Wouldn’t you like to be a Pepper too? Nope. One of the bigger mysteries to me is why so many cans of Dr Pepper are sold. I can understand drinking it occasionally, but how it’s the 6th biggest selling soft drink in the US is beyond me.
The first question I have about Dr Pepper is what is its flavor? The company claims there is a blend of 23 flavors to the Doctor. I always felt it tasted similar to the generic soda flavor of black cherry, with a little bit of a root beer tone thrown-in. Why people just don’t buy the superior A&W or Barqs root beer, instead of going for an Dr Pepper puzzles me.
Another problem I have with the drink is that it doesn’t blend well with food. I can remember when I was waiting tables someone ordered a Dr Pepper with their chimichanga. I had to ask them, are you sure about that? I mean even David Naughton would order a Coke or a Budweiser, when chowing on a burrito.
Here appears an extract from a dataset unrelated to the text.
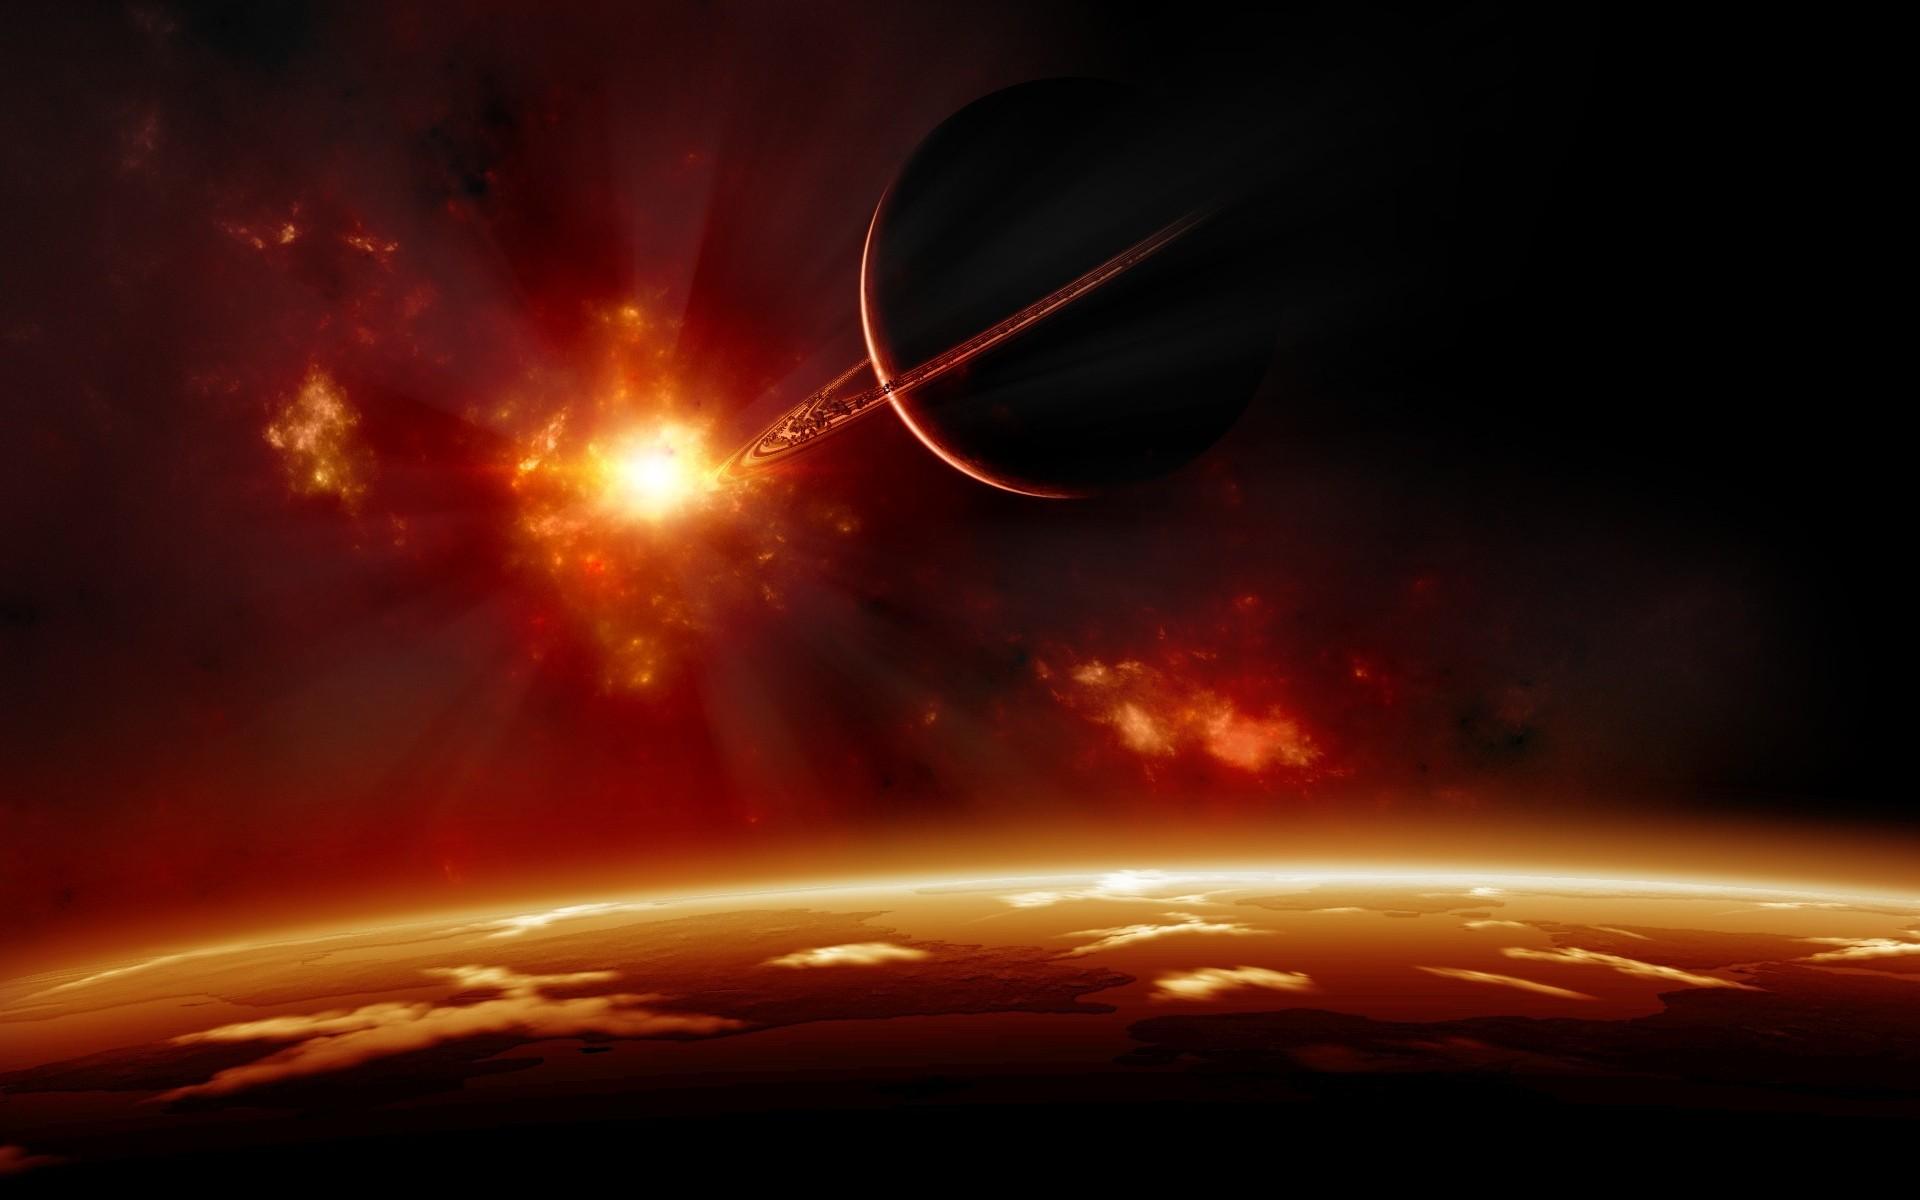 планеты, звезда, туманность

By the way, all my thoughts on Dr Pepper are the same for Mr Pibb. Since I was young, it always troubled me that this peculiar flavor would have such formal titles. I mean using Doctor and Mister is a bit much, isn’t it?
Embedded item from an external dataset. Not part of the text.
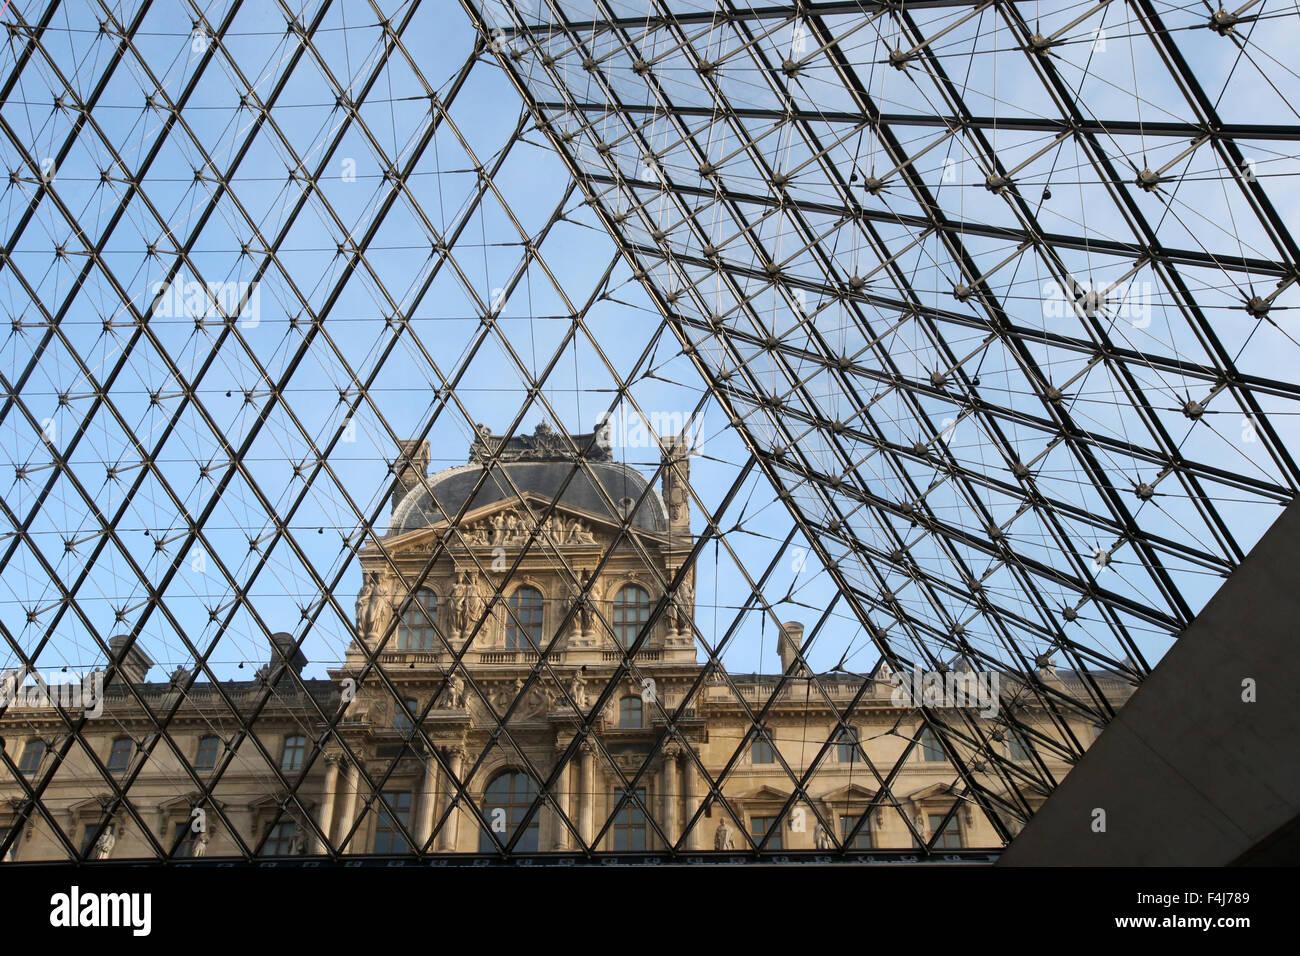 Palais du Louvre vistos a través de la pirámide, París, Francia, Europa Imagen De Stock

I will give Dr Pepper a few more props than Mr Pibb, as at least it was the originator. It’s kind of like comparing Britney Spears’ and Jessica Simpson’s music. Neither one was particularly good, but I give the edge to Brit for doing the teen jail-bait thing first. Same concept for Dr Pepper over Mr Pibb. I think my friend Mitch Hedburg said it best.
Mr. PiBB is a replica of Dr. Pepper, but it’s a bullshit replica. Dude didn’t even get his degree.
Just ahead of Dr Pepper in the sales rankings is Mountain Dew. The difference in sales between the 2 is less than a percentage point, which surprises me because I understand why people do the dew. Mountain Dew is loaded with caffeine, which is a big reason why I think many Americans consume soft drinks. Dr Pepper doesn’t have anything in it which will give you a little boost. When Naughton would guzzle a Pepper and then dance through the streets, he must have done a couple lines of blow because it wasn’t from anything the Dr had provided.
The one thing I will give props to Dr Pepper about is the diet version of it tastes the closest to the original of any beverage on the market. This is why Diet Dr Pepper is ranked 10th on the list of America’s best selling soft drinks. The taste is so close, I really don’t know why anyone even drinks the original. Just another mystery to me about it.
He’s a Pepper, She’s a Pepper. Why so many Peppers? Please Explain Dr Pepper.